*Exercise:* Retype precisely the section of the data that starts at the line containing "Tegning til fargelegging" and runs to its final line, ends included.

Source data
= = = = =
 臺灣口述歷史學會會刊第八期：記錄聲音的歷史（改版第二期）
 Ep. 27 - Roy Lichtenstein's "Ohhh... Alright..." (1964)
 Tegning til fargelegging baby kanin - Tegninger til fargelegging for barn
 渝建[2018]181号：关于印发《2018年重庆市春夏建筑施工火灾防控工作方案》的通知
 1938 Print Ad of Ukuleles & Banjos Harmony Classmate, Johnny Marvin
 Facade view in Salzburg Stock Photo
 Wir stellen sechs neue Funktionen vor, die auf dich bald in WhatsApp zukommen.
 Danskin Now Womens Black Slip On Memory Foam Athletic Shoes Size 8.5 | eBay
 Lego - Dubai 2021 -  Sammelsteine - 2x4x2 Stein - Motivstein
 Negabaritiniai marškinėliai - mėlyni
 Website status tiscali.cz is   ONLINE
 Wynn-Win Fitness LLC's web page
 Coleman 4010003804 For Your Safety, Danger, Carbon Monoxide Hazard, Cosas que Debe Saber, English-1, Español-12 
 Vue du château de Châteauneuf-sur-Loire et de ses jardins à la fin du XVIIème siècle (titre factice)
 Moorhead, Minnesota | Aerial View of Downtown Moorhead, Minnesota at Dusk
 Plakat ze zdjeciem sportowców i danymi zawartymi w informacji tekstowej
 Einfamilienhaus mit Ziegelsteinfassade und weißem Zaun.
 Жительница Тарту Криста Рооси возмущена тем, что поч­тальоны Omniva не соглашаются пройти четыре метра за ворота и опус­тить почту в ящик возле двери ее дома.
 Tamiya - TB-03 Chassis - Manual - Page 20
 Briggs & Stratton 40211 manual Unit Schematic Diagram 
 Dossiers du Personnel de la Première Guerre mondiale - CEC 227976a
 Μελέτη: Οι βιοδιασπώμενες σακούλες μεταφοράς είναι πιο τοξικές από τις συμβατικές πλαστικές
= = = = =
*The completed task:*
 Tegning til fargelegging baby kanin - Tegninger til fargelegging for barn
 渝建[2018]181号：关于印发《2018年重庆市春夏建筑施工火灾防控工作方案》的通知
 1938 Print Ad of Ukuleles & Banjos Harmony Classmate, Johnny Marvin
 Facade view in Salzburg Stock Photo
 Wir stellen sechs neue Funktionen vor, die auf dich bald in WhatsApp zukommen.
 Danskin Now Womens Black Slip On Memory Foam Athletic Shoes Size 8.5 | eBay
 Lego - Dubai 2021 -  Sammelsteine - 2x4x2 Stein - Motivstein
 Negabaritiniai marškinėliai - mėlyni
 Website status tiscali.cz is   ONLINE
 Wynn-Win Fitness LLC's web page
 Coleman 4010003804 For Your Safety, Danger, Carbon Monoxide Hazard, Cosas que Debe Saber, English-1, Español-12 
 Vue du château de Châteauneuf-sur-Loire et de ses jardins à la fin du XVIIème siècle (titre factice)
 Moorhead, Minnesota | Aerial View of Downtown Moorhead, Minnesota at Dusk
 Plakat ze zdjeciem sportowców i danymi zawartymi w informacji tekstowej
 Einfamilienhaus mit Ziegelsteinfassade und weißem Zaun.
 Жительница Тарту Криста Рооси возмущена тем, что поч­тальоны Omniva не соглашаются пройти четыре метра за ворота и опус­тить почту в ящик возле двери ее дома.
 Tamiya - TB-03 Chassis - Manual - Page 20
 Briggs & Stratton 40211 manual Unit Schematic Diagram 
 Dossiers du Personnel de la Première Guerre mondiale - CEC 227976a
 Μελέτη: Οι βιοδιασπώμενες σακούλες μεταφοράς είναι πιο τοξικές από τις συμβατικές πλαστικές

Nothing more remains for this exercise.